* _AVAILABLE DATA_
---
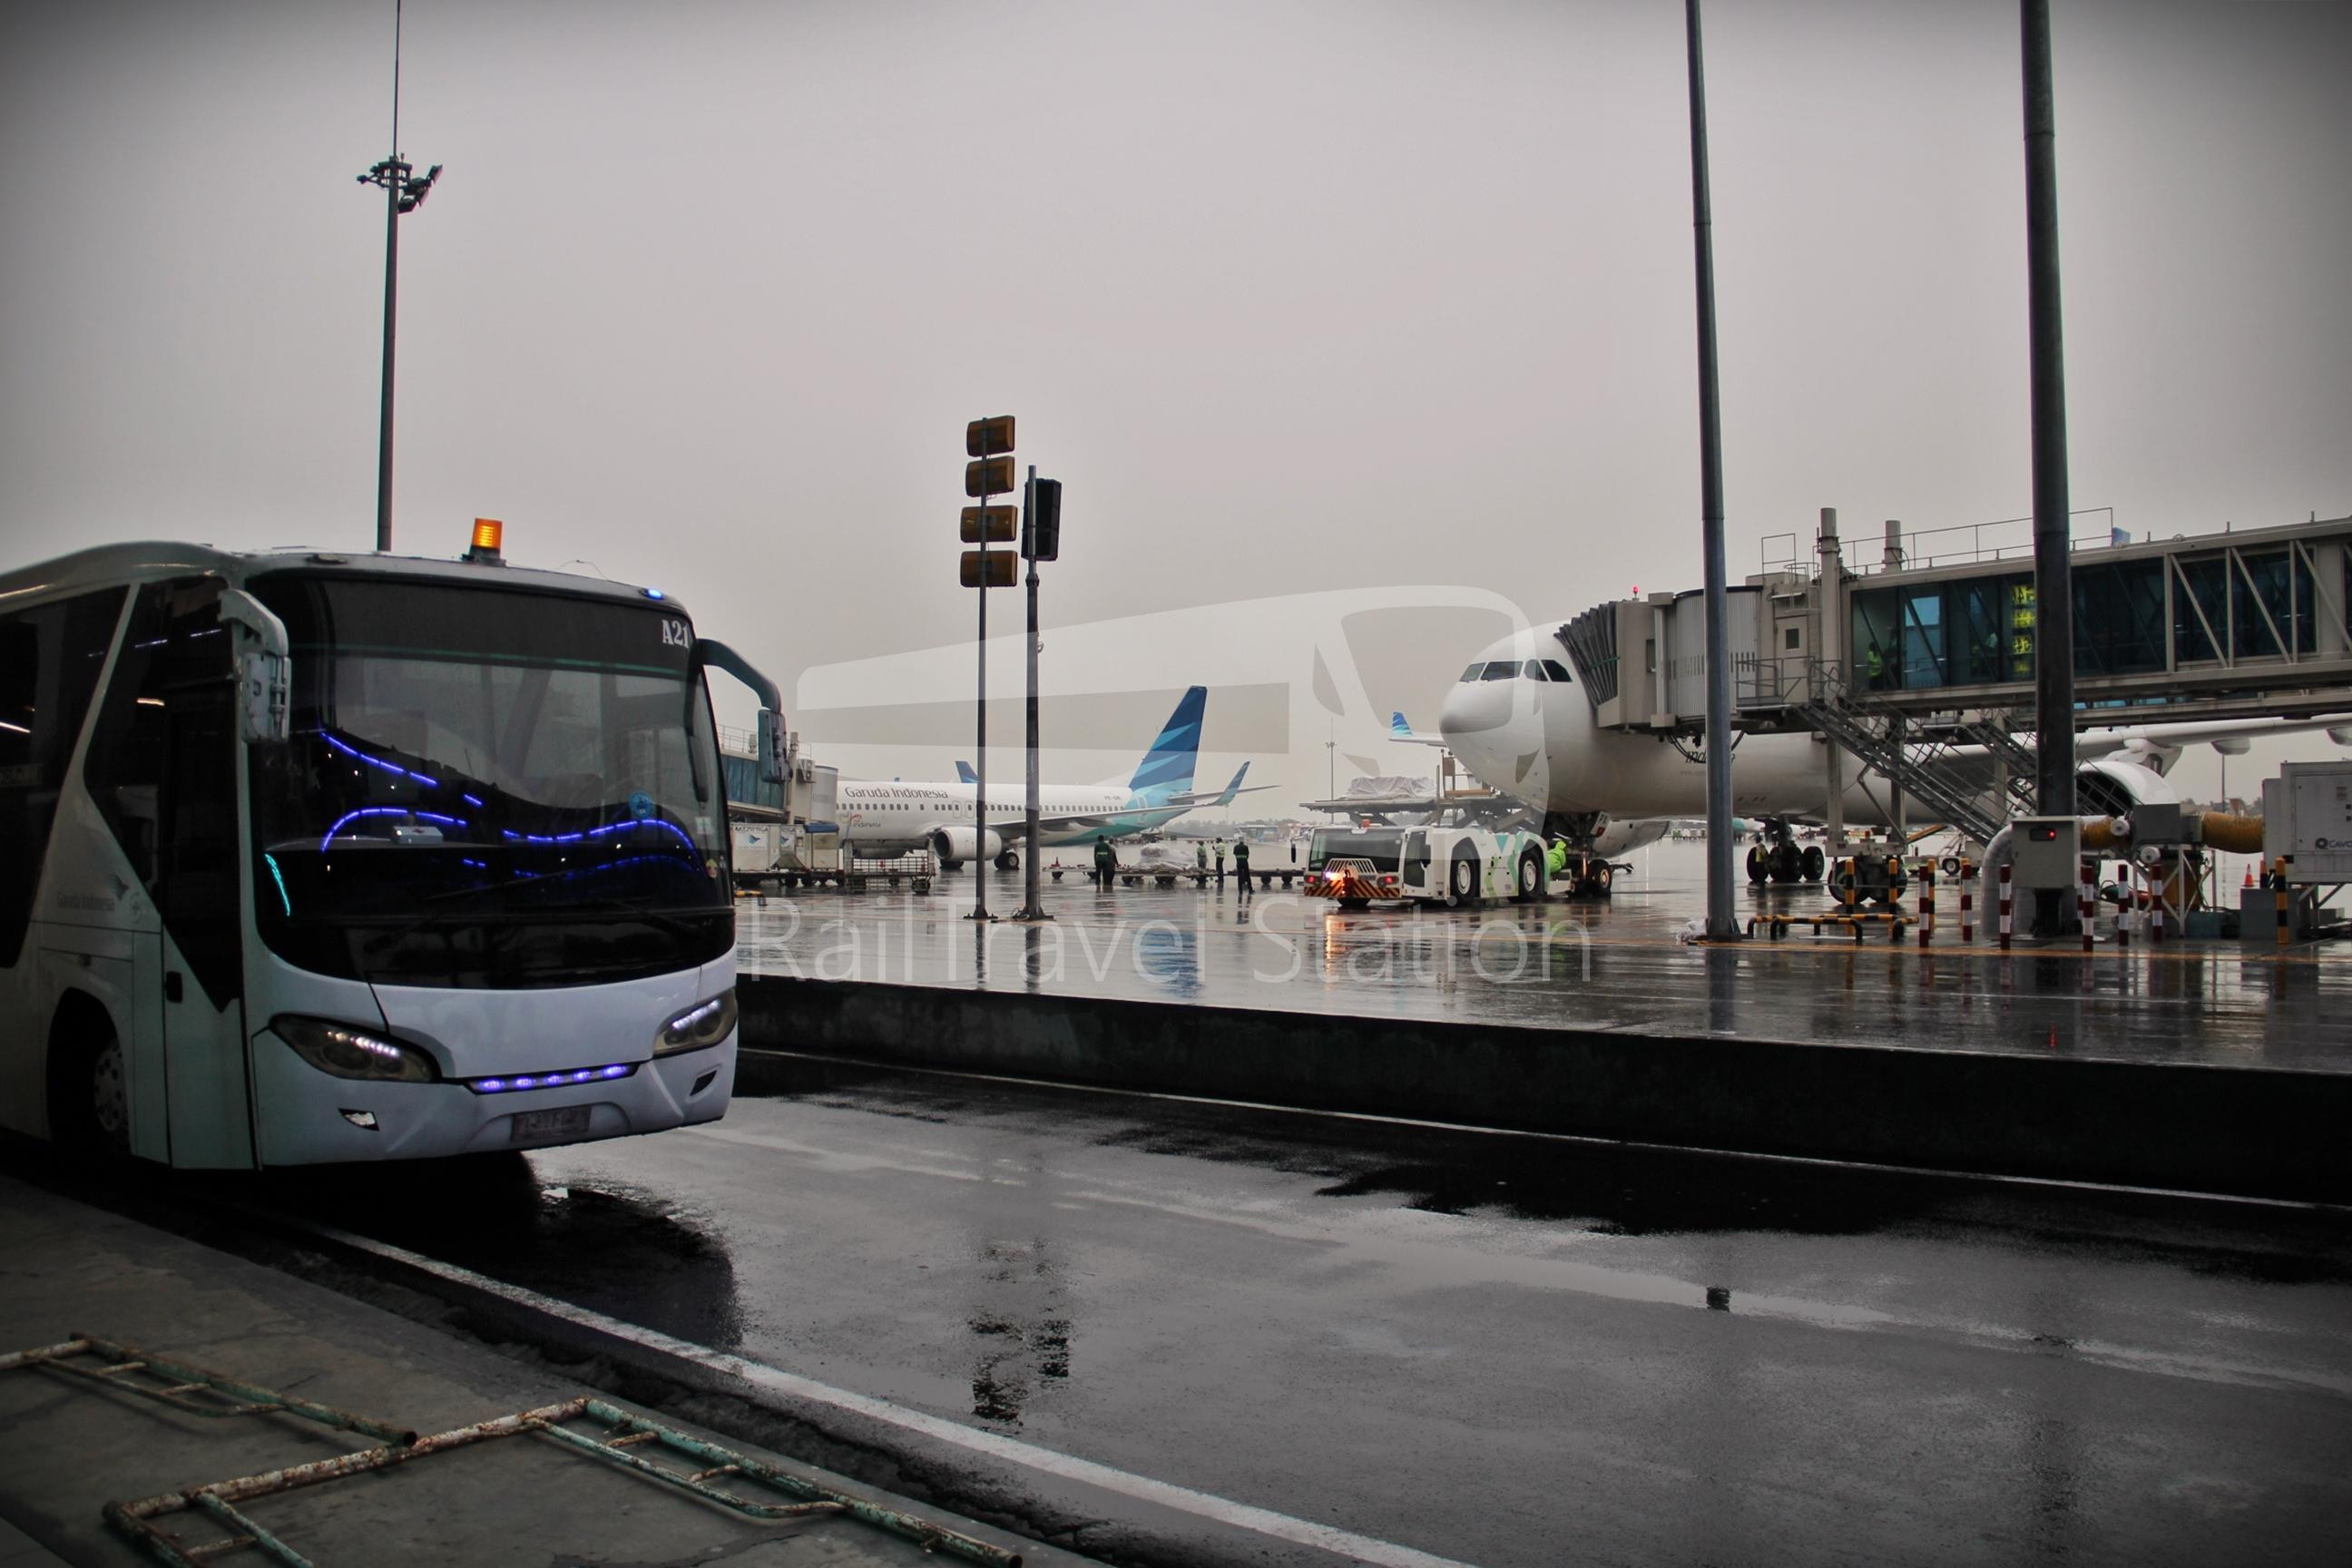 Garuda Indonesia GA838: Jakarta Soekarno-Hatta to Singapore by Airbus A330-300
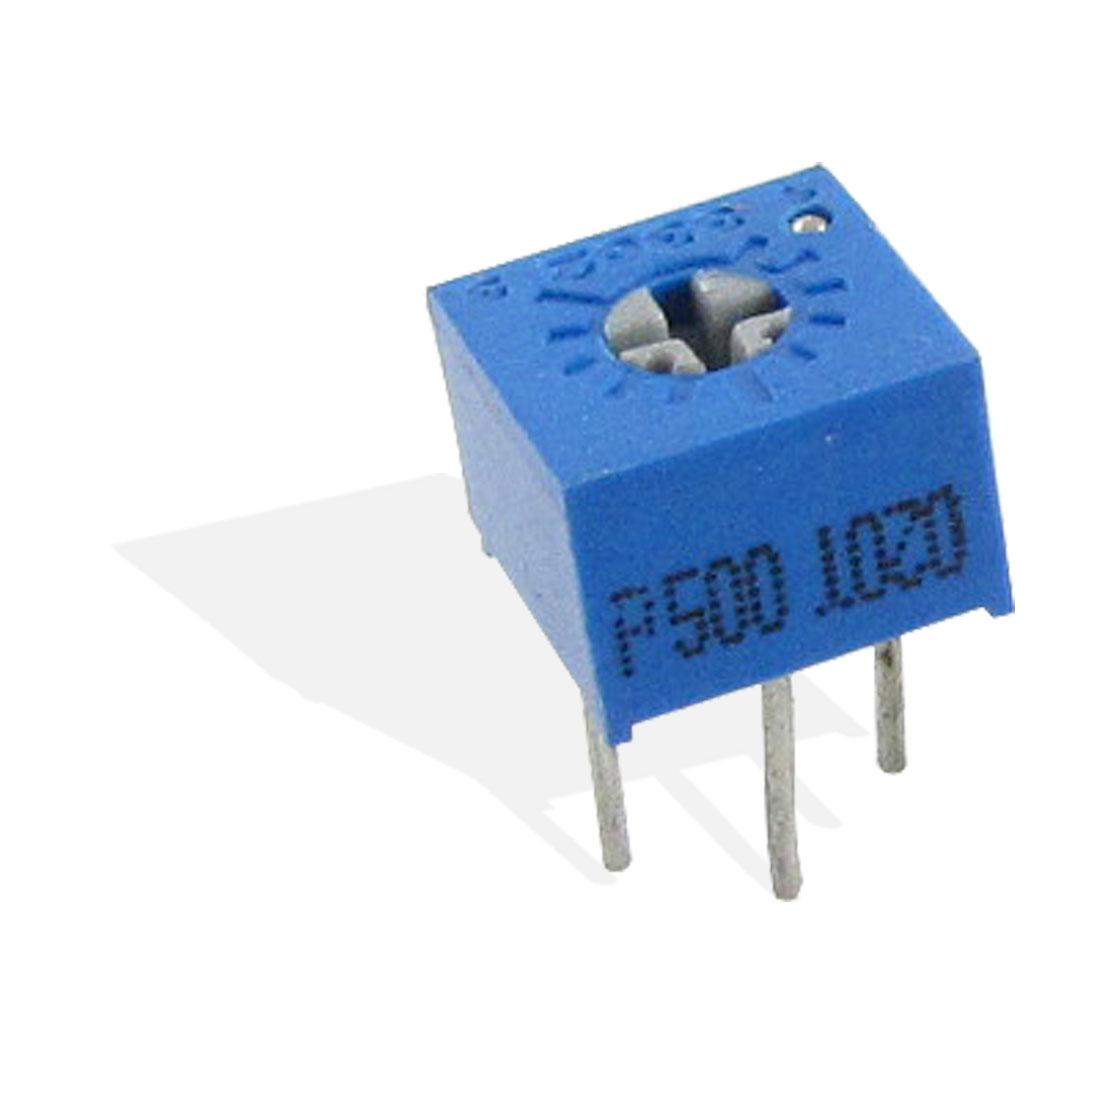 5 x 50 ohm DIP 3 Pins Potentioment Variable Resistors
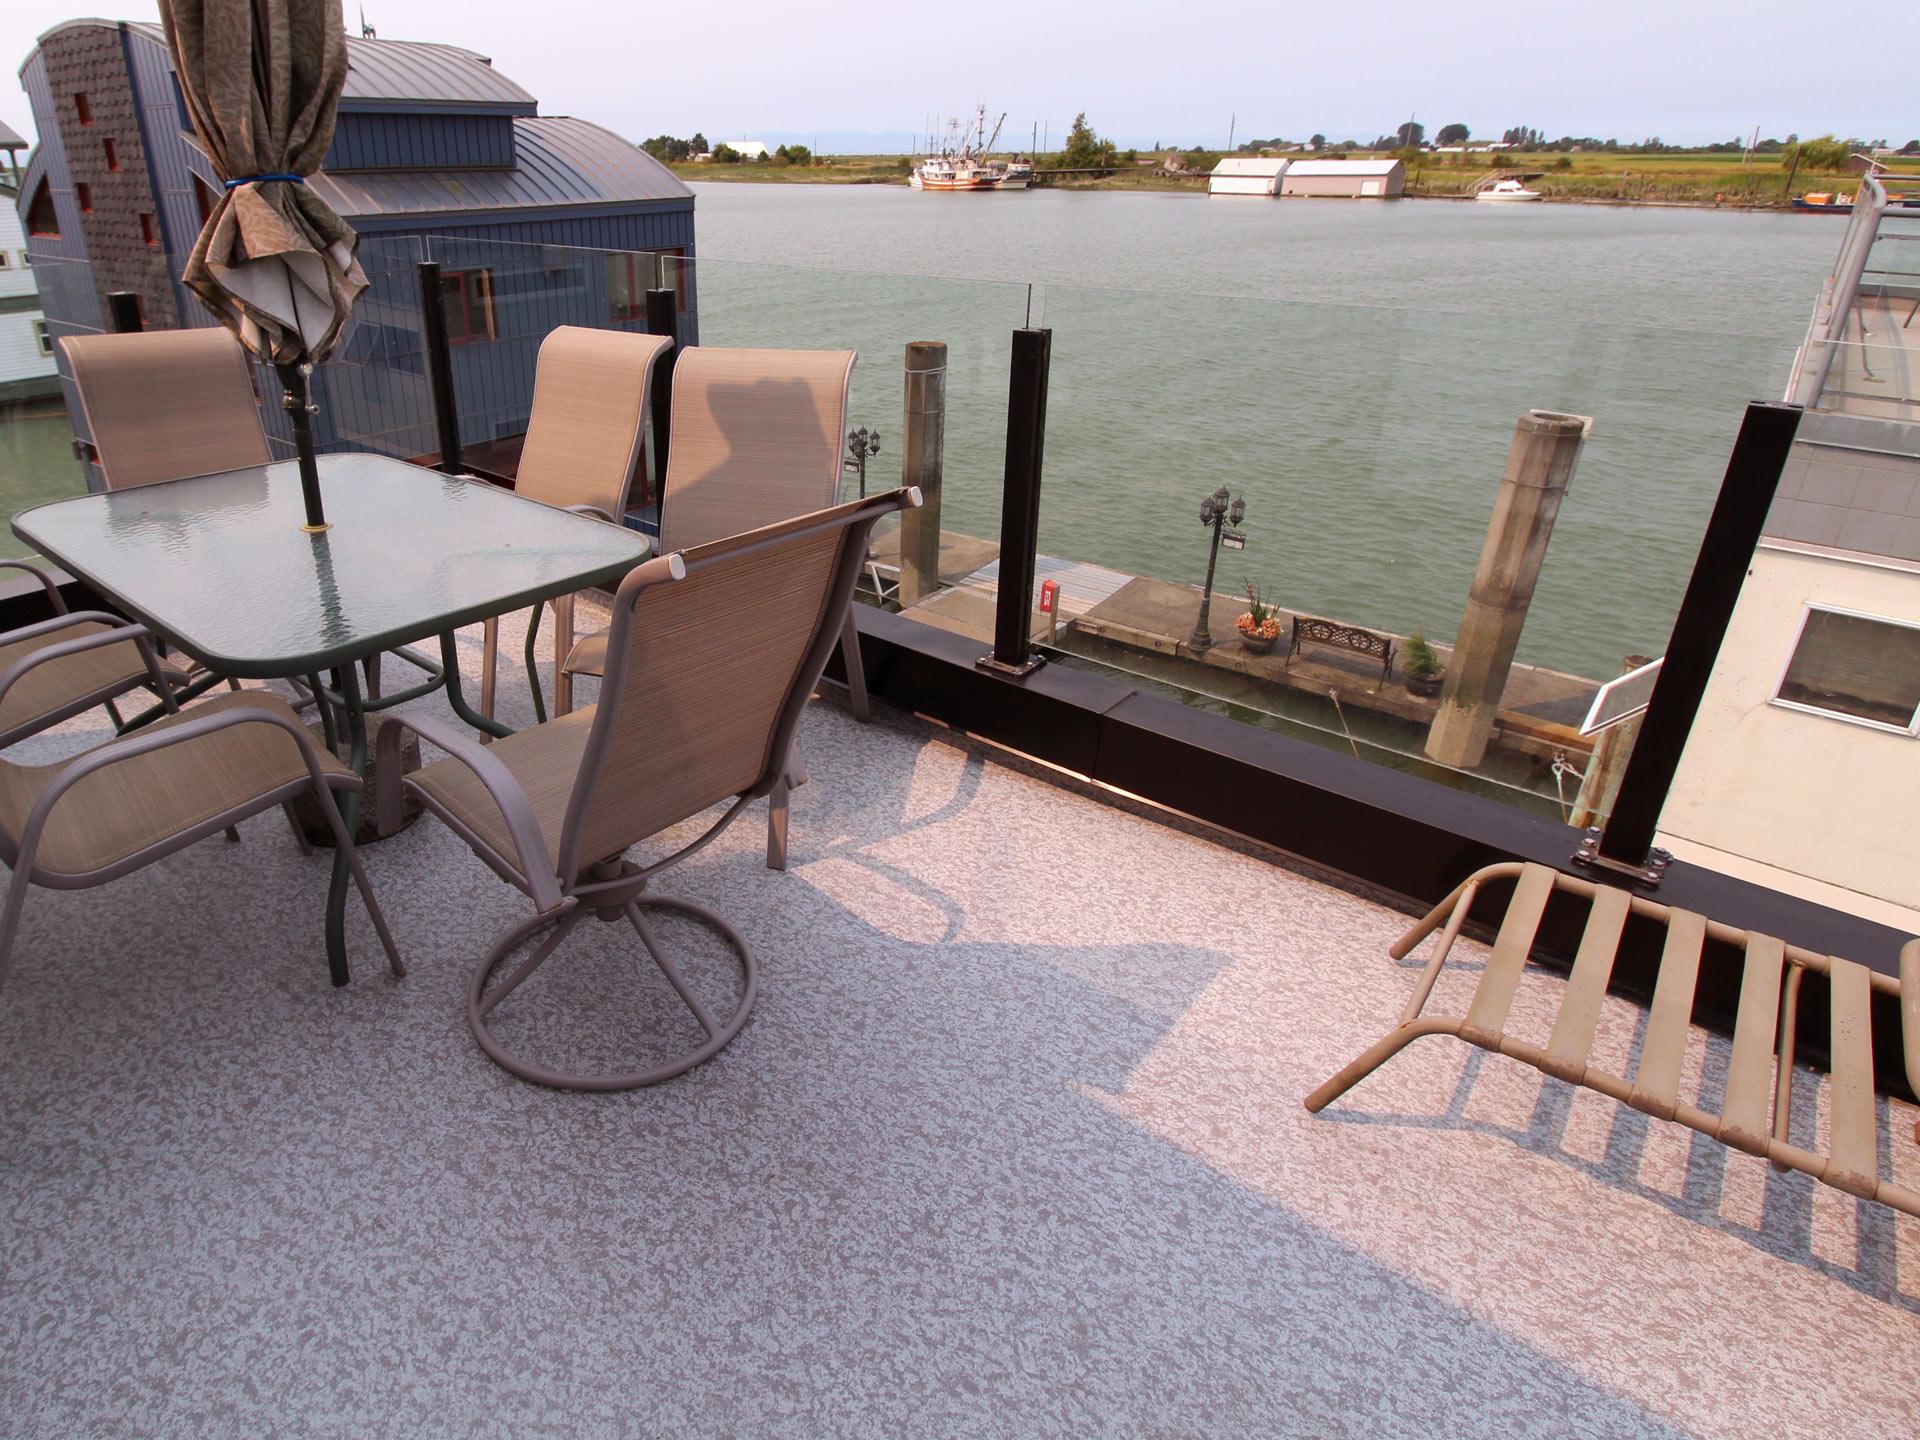 Vinyl Deck Color and Pattern Options for Waterproof Decks
---
* _YOUR GOAL_
Could the data above be reproduced exactly, with the pictures left out?

* _ANSWER TO THIS TASK_
 Garuda Indonesia GA838: Jakarta Soekarno-Hatta to Singapore by Airbus A330-300
 5 x 50 ohm DIP 3 Pins Potentioment Variable Resistors
 Vinyl Deck Color and Pattern Options for Waterproof Decks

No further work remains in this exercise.